Luss: Green Pilgrimage

Luss is that pretty, picture-postcard Highland village upon which the waves of Loch Lomand lap. Quaint, single-storey cottages, a gentle river and mountainous scenery all contribute to this wee settlement’s popularity with tourists, receiving as it does 750,000 per annum. To my delight, I realised I’d visited before- 25 years to the day with my grandmother on one of our holidays. There is of course an attractive church, in whose grounds are interred some earls and clan chiefs. To its rear is a large field, the centre-piece of which is a large Celtic cross. A welcome sign explains that it is a place of pilgrimage. Since AD 520, pilgrims have come to the site where St Kessog first brought Christianity from Ireland before druids rather vulgarly killed him. The field is really a large nature reserve, with wild grasses and trees. Mown paths guide visitors around, and a series of signs offer information about other ‘green’ pilgrimage sites around the world.

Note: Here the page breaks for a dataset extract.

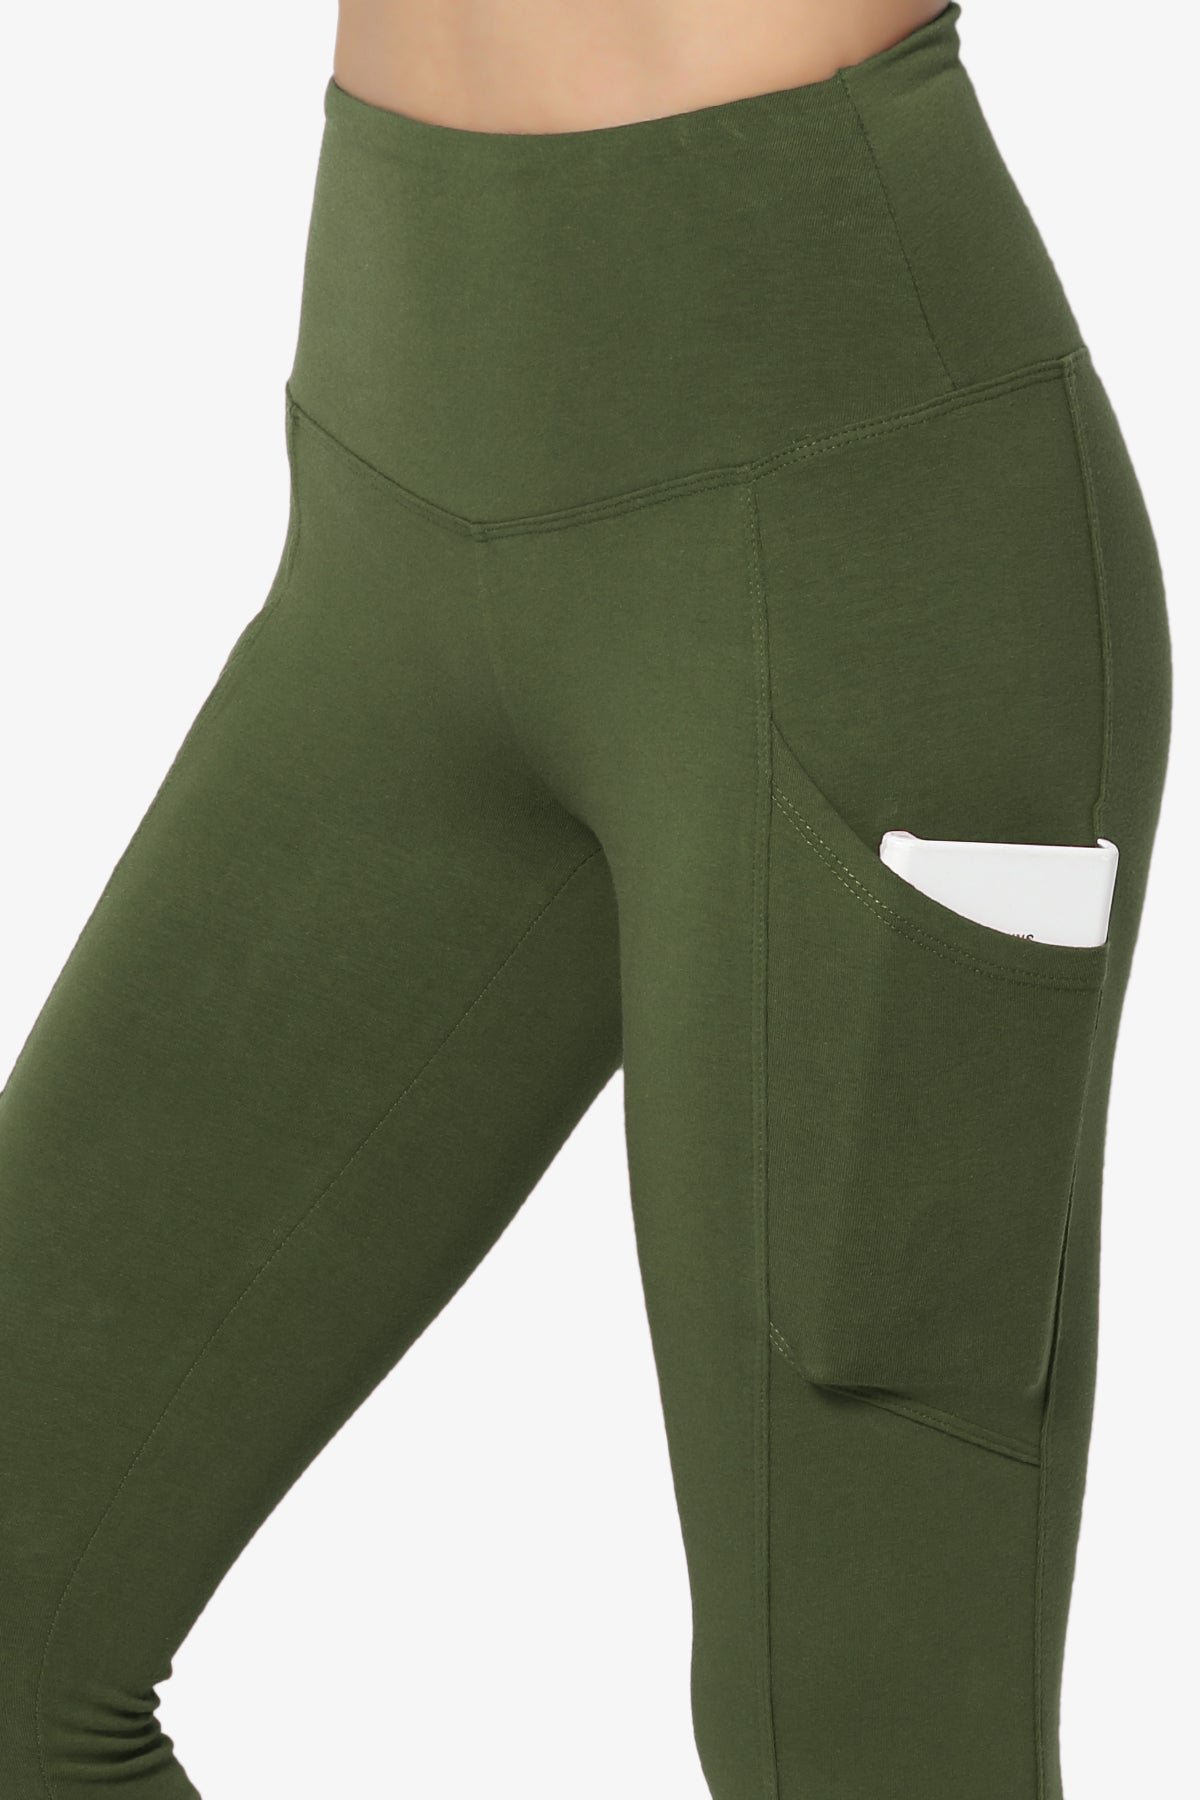 Ansley Luxe Cotton Leggings with Pockets ARMY GREEN_5

There are Muslim ones, Sikh, Shinto and all manner of religions represented, which the information boards gleefully explicate. Sadly, there were no scriptures or explanations of the gospel. What a pity- all those visitors being told about all these different faiths and the need to care for the natural world, but no attention given to God’s offer of sins forgiven.

 

As I walked about the site, I was stopped by a quagmire, across which I could not pass without muddying my feet. The bridge had been removed. An apt picture, I thought, as I turned around and found the exit.

 

For there is one God and one Mediator between God and men, the Man Christ Jesus. 1 Timothy 2:5

 

The place is lovely- spiritual, even- but its architects forgot Jesus.